Do you tend to eat out a lot? Rent lots of movies? Maybe you have a car or sailboat that you are trying to rehab over a long period of time, and you spend piles of money at Auto Zone, or Marine Max. Perhaps you even make, from time to time, some discreet online or mail order purchases that are delivered at your home in plain, brown wrappers. It doesn’t matter, really… it’s your money, right? It might be disconcerting to know that there is someone looking at your account, making judgments about you based on your spending habits. Yet, this goes on every day.
The Times article shed some light on what is apparently a fast-growing trend in the credit card industry – using customer purchase data to try and assess individuals’ risk for defaulting. The practice originated in Canada, in 2002. J.P. Martin was an executive for Canadian Tire, and a real statistics buff. He spent a year analyzing data compiled from statements on consumers holding Canadian Tire credit cards, which can be used anywhere. He wanted to see whether there were actual associations between how folks use their plastic, and whether or not they paid their bills. Turns out that there was a significant connection.

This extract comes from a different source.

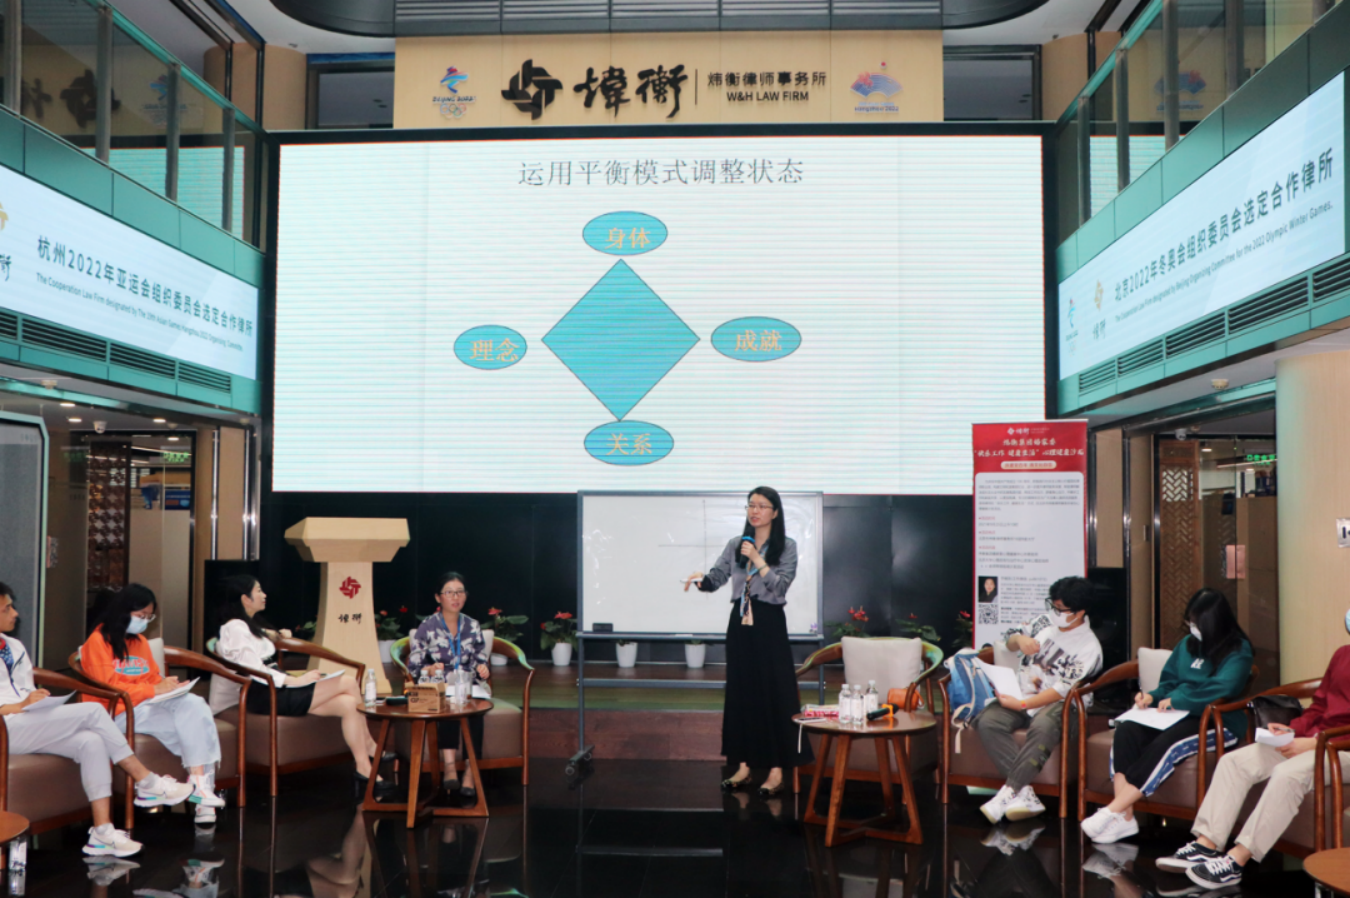 北京市炜衡律师事务所成功举办“快乐工作，健康生活”首都律师心理健康沙龙活动

Consumers who bought expensive, frivolous accessories for their cars – a super-thrust exhaust kit, or a chrome skull hood ornament – were found to be a much higher risk for skipping payments. The very worst groups of consumers were those who frequently put their bar tabs on their plastic. Consumers who bought items to protect their investments, like waterproof stain for their hardwood floors, or high-grade motor oil, also seemed to be interested in protecting their credit.
Martin’s discoveries did not round out to a complete science. The Times article mentioned the example of a customer who puts their monthly cable bill on their credit card, revealing a fully-loaded package with all the extra channels and features. In this case, is the consumer wealthy and able to spend money on luxuries, or are they making poor choices? Despite these pitfalls, however, the Times reports that virtually every major credit card company in the nation is using Martin’s method, outlined in his book The Psychology of Collections. Issuers are paying for their representatives to attend seminars based around Martin’s teachings, which also include lessons on how to best probe the psyches of delinquent borrowers, in the interest of collecting the most money back from them.

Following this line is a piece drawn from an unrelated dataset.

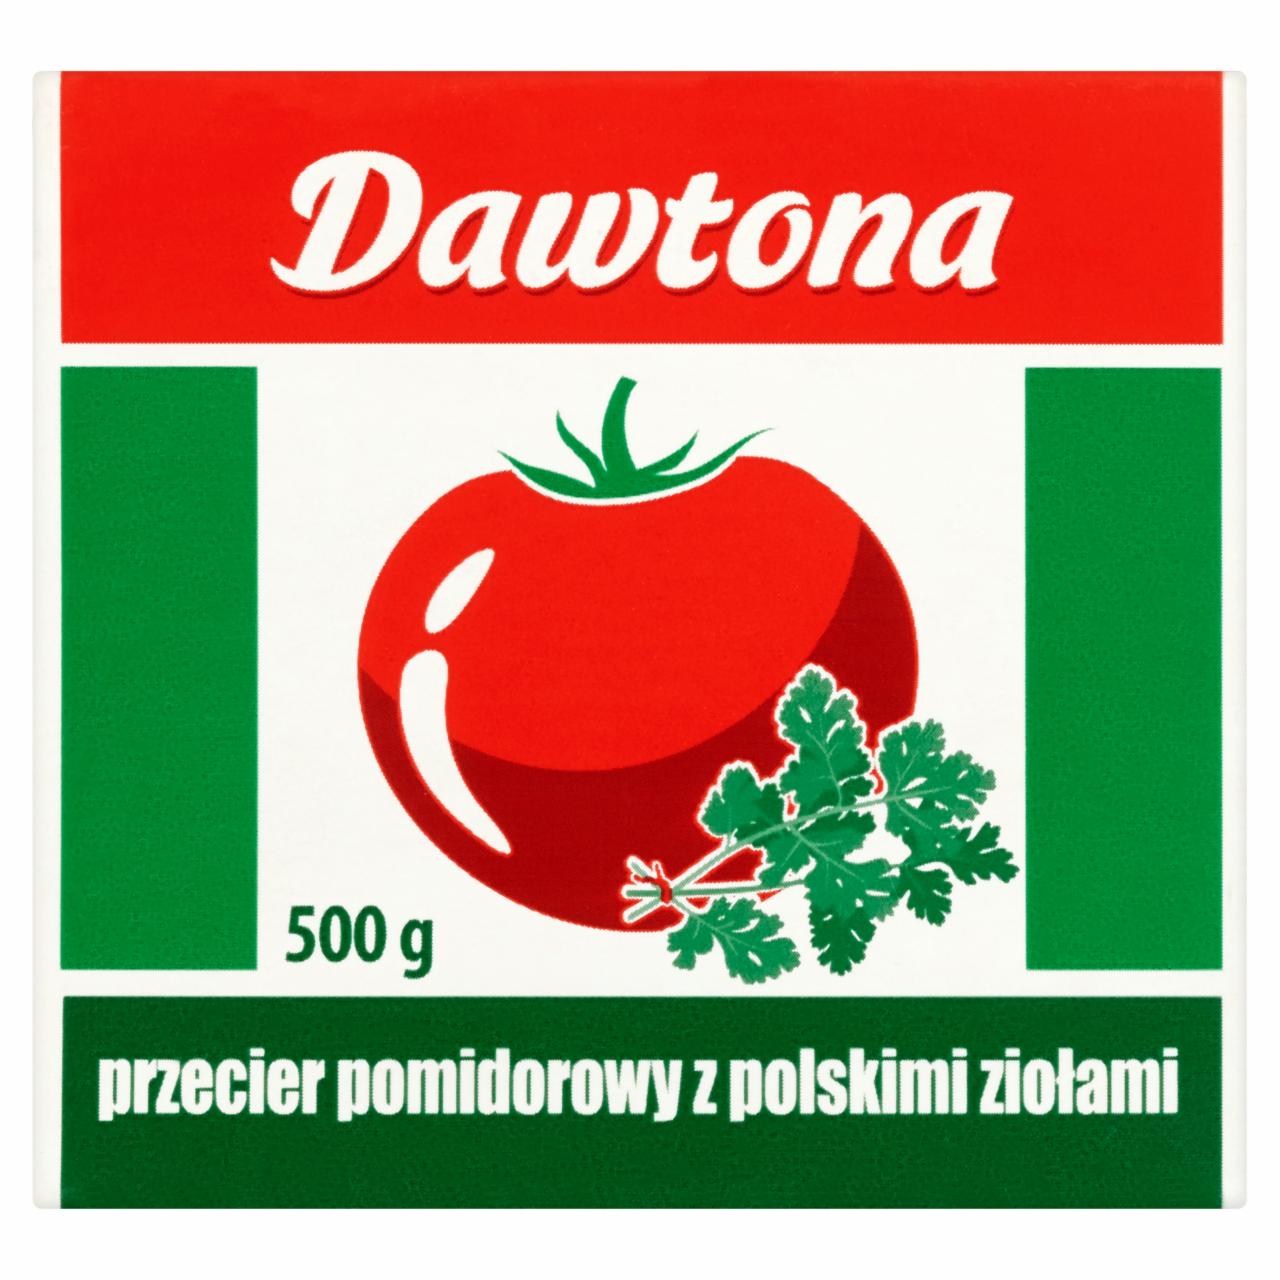 Photo - Dawtona Tomato Puree with Polish Herbs 500 g

The Times went inside one such informational seminar, taught to a roomful of new Bank of America collections agents. With so many more Americans in financial crisis than usual, as a result of the recession, banks are taking a much more “touchy-feely” approach to squeezing delinquent borrowers. Issuers are trying to get away from nasty, harassing phone calls – Martin believes that these do not work. He states that collectors need to identify what is motivating their customers, and communicate with them on their level.
One senior account specialist boasted of how she had spent over one hour talking to a divorced mother of two young children whose husband had left her with almost thirty thousand dollars in credit card debt. The woman was being hounded by debt collectors and making no payments, threatening to declare bankruptcy. The savvy agent took the time to listen to the frustrated woman and take an interest in her situation. The woman began making payments on her card every month, and had paid off her balance within three years in full. The customer could have asked for – and probably received – a significant discount on her balance, since banks can and do authorize extreme discounts in the interest of wooing hopeless borrowers into getting back on track. The customer didn’t ask, though: she felt bonded to the representative, and thought such a request would be too forthright.
Most credit cardholders will never realize that the helpful representative on the other end of the phone is actually engaging them in a sophisticated form of psychological manipulation. They are just happy to feel as though someone is listening to them. For card companies, anything that gets more money in their pockets isn’t a bad thing.